Vroeger waren er van die kleine hobbels op de weg. Dingen die even lastig waren, maar waar ik vrij moeiteloos overheen stapte. Een plotse wijziging in plannen, een drukke winkel, een onverwacht telefoontje… Bumps in the road. Niet meer dan dat.
Maar nu lijken diezelfde bultjes uitgegroeid tot heuse bergen. Dingen waar ik vroeger nauwelijks bij stilstond, kunnen me nu compleet uit balans brengen. Mijn brein heeft minder rek, mijn lijf minder veerkracht. Wat ooit een kleine aanpassing was, voelt nu als een klim met volle bepakking; zonder kaart, zonder gids en zonder zekerheid dat ik de top haal.
Soms voelt het alsof ik onderweg ben op een bergtocht waarvoor ik me nooit heb kunnen voorbereiden. Geen geplande route, geen goed weerbericht.
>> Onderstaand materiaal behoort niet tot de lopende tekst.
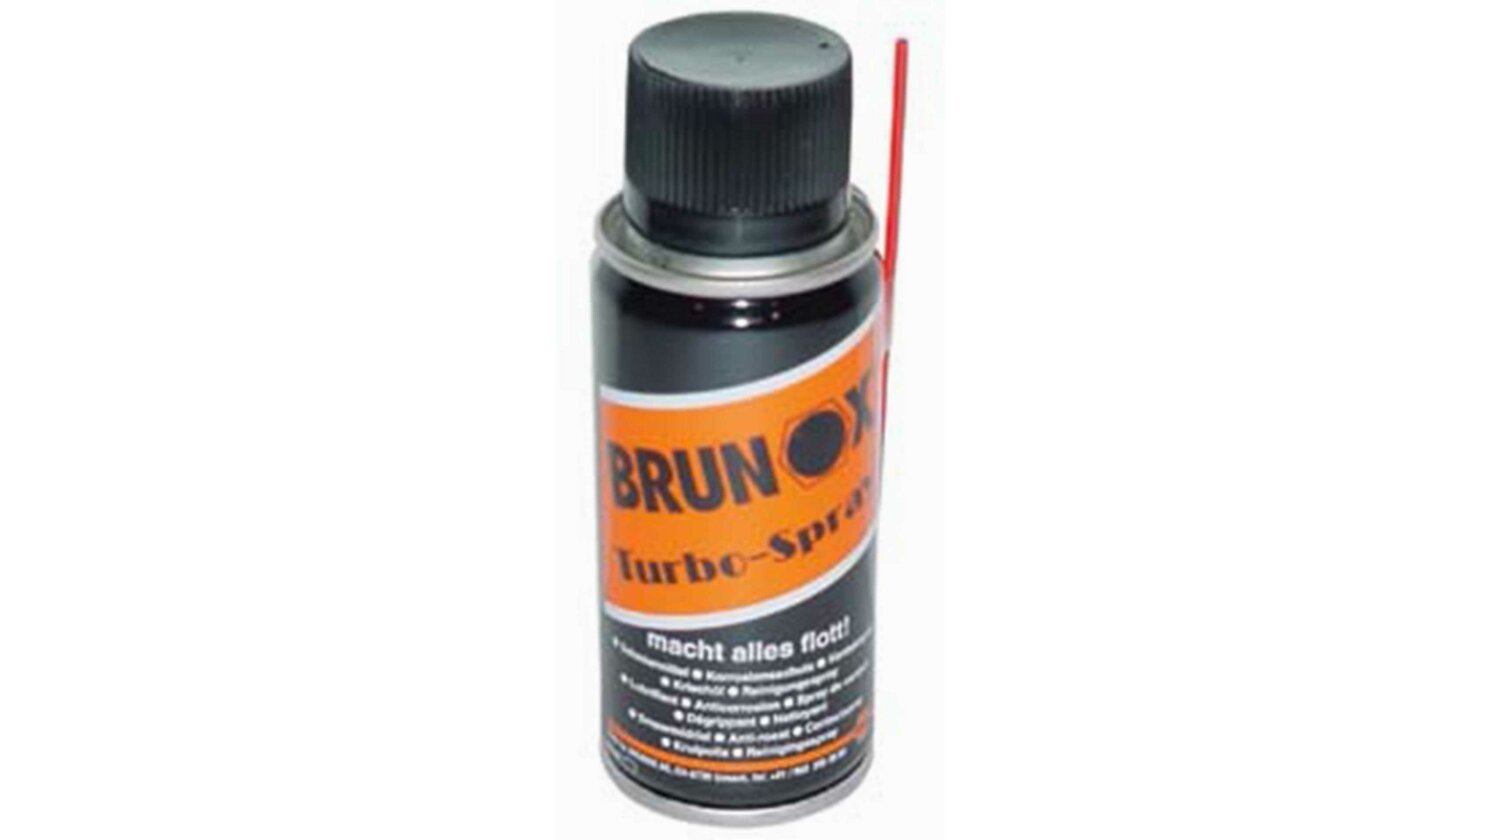 Brunox Turbo-Spray 100 ml

Alleen de volgende stap en hopen dat ik niet uitglijd.
Mezelf aanpassen kost meer moeite. Mijn tolerantie voor prikkels, drukte en onverwachte situaties is gewoon lager. En dat mag. Het blijft zoeken naar manieren om die bergen iets minder steil te maken of op z’n minst betere schoenen te vinden om de tocht aan te kunnen.
Soms moet ik gewoon even stoppen, op adem komen en mezelf de tijd gunnen. Want ook al lijkt de weg zwaarder, ik zet wél nog stappen. En dat blijft het belangrijkste.